Wednesday, November 4, 2020

Just Another Wednesday


This post is set to go off at 3am the day after the election. I have every expectation that it will. I'll be asleep but it will happen anyway. There's always something technical that might gum up the works, but new days in general have a way of showing up on schedule. It's something you can count on.

I don't know what will have transpired last night. It's possible nobody knows for sure, even now. This is normal. It's important to know what you don't know. It's one of the hallmarks of a thoughtful mind. The cocksure are always missing something. The cocksure know everything all along, but it doesn't make them right.

I think most of us voters are driven by fear. It's a powerful motivator. The main difference between the two major American factions is what we fear. The faction I don't tend to vote with is afraid of a lot of things. In my view, most of those things don't exist. They are phantoms produced in the Devil's workshop to divert us from what we really should fear, to harvest our votes for the purpose of further siphoning off our wealth. Thus, the desperate refugee from violence is transformed into a murderous threat. Thus, a righteous movement of patriots marching for justice is transformed into roving bands of thugs. Thus, an attempt to claw back a share of our stolen treasure for the common good is transformed into the Socialist bogeyman, out to pick our pockets. These are the fictions manufactured by the real thieves. The fat cats. The wicked and criminally negligent destroyers of our future.

This faction has been conditioned to be afraid of The Other, and The Other has been defined so broadly it even includes me. A small, mouthy, entirely harmless human, still I am declared an enemy. I have repeatedly been declared an enemy by the president of the United States. I, and a solid majority of my fellow citizens, have been deemed unworthy of protection or even consideration. United we used to stand, but divided we elect Republicans. We're divided. Have we done it again?

I fear that our trust in our civilizing institutions, from the courts to the press, has been so degraded that we will crumble into gang warfare, featuring executions in the street and terrorist acts from all corners, with the heavily armed right-wing players the more dangerous by far.
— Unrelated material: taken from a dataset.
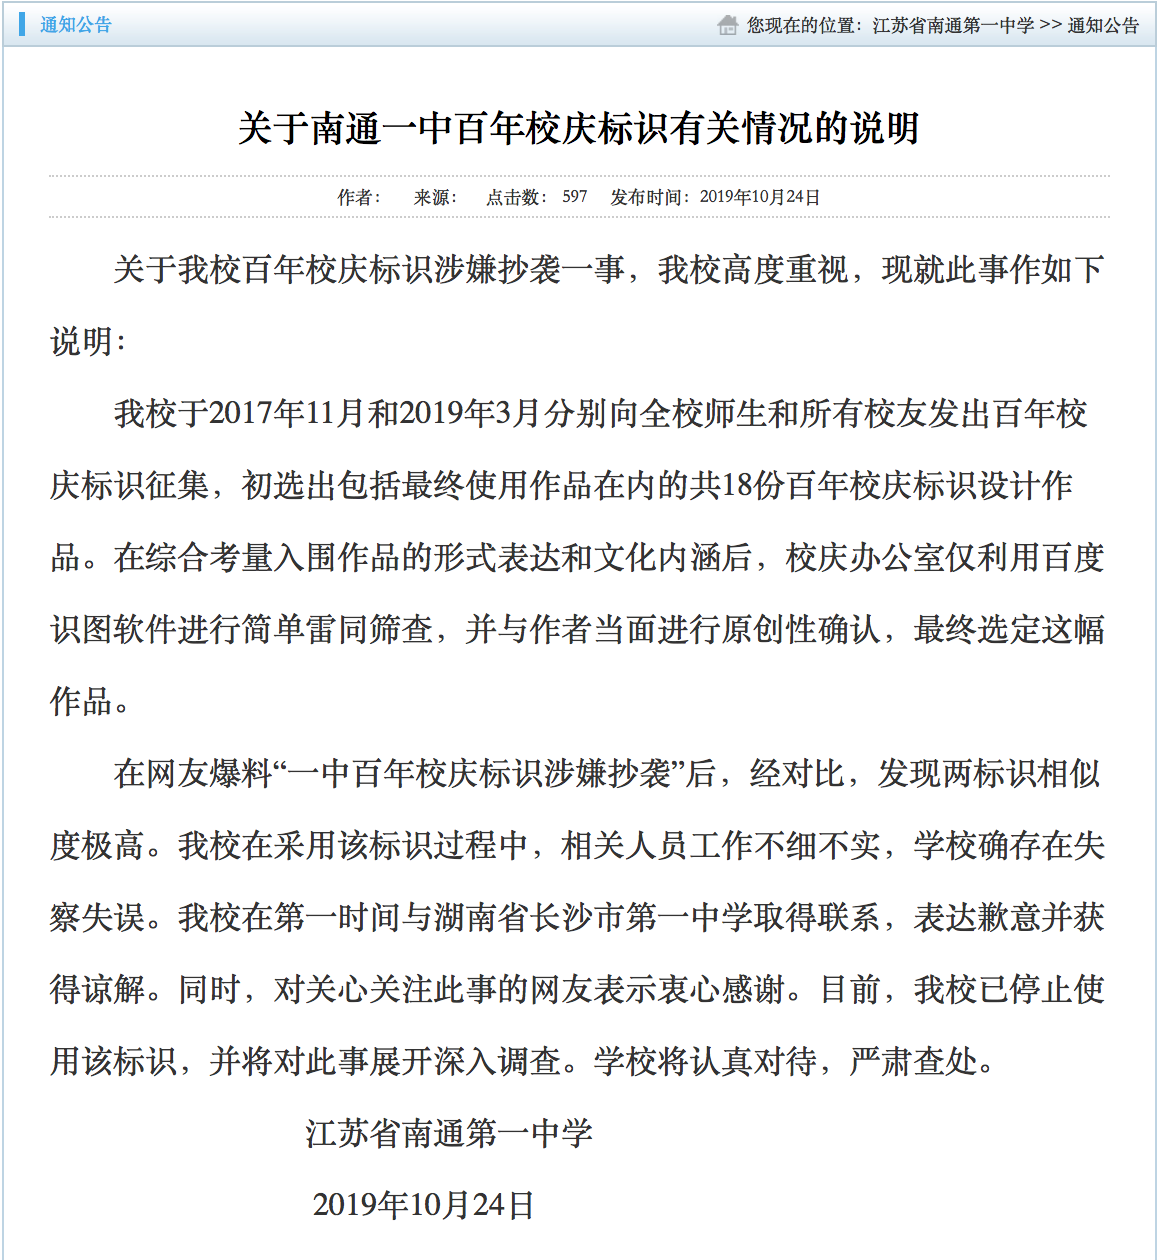 斯博国际注册账号要写名字,美国的滑翔制导迫击炮弹很先进,中国想要造出来也不算是一件难事

What I fear more than anything is that we will miss our last chance to pull out of the death-spiral that is our devotion to fossil fuels. We may well have missed it already; we've wasted four precious years on top of another twenty years purchased by the Koch brothers, which they've blown on toys and party favors for their friends. Cheap energy has turned us into stumbling drunks, with decision-making abilities to match.

No matter what kind of world I've woken up to today, my path is clear. I must try hard to live up to my ideals to push my party where it needs to go, and resist the other party with all I can muster, and work for justice always, and do it peacefully. I once thought my political counterparts' brains had been scooped out and replaced by pudding. Of late I realize that pudding has been packed with nails and shards of glass. But I must remember to be kind. Kindness moves more hearts than belligerence. It's not easy. It will take stamina. But if we didn't have stamina, we'd be long gone by now.

I know we can't fight terror with terror. Not if we want to prevail.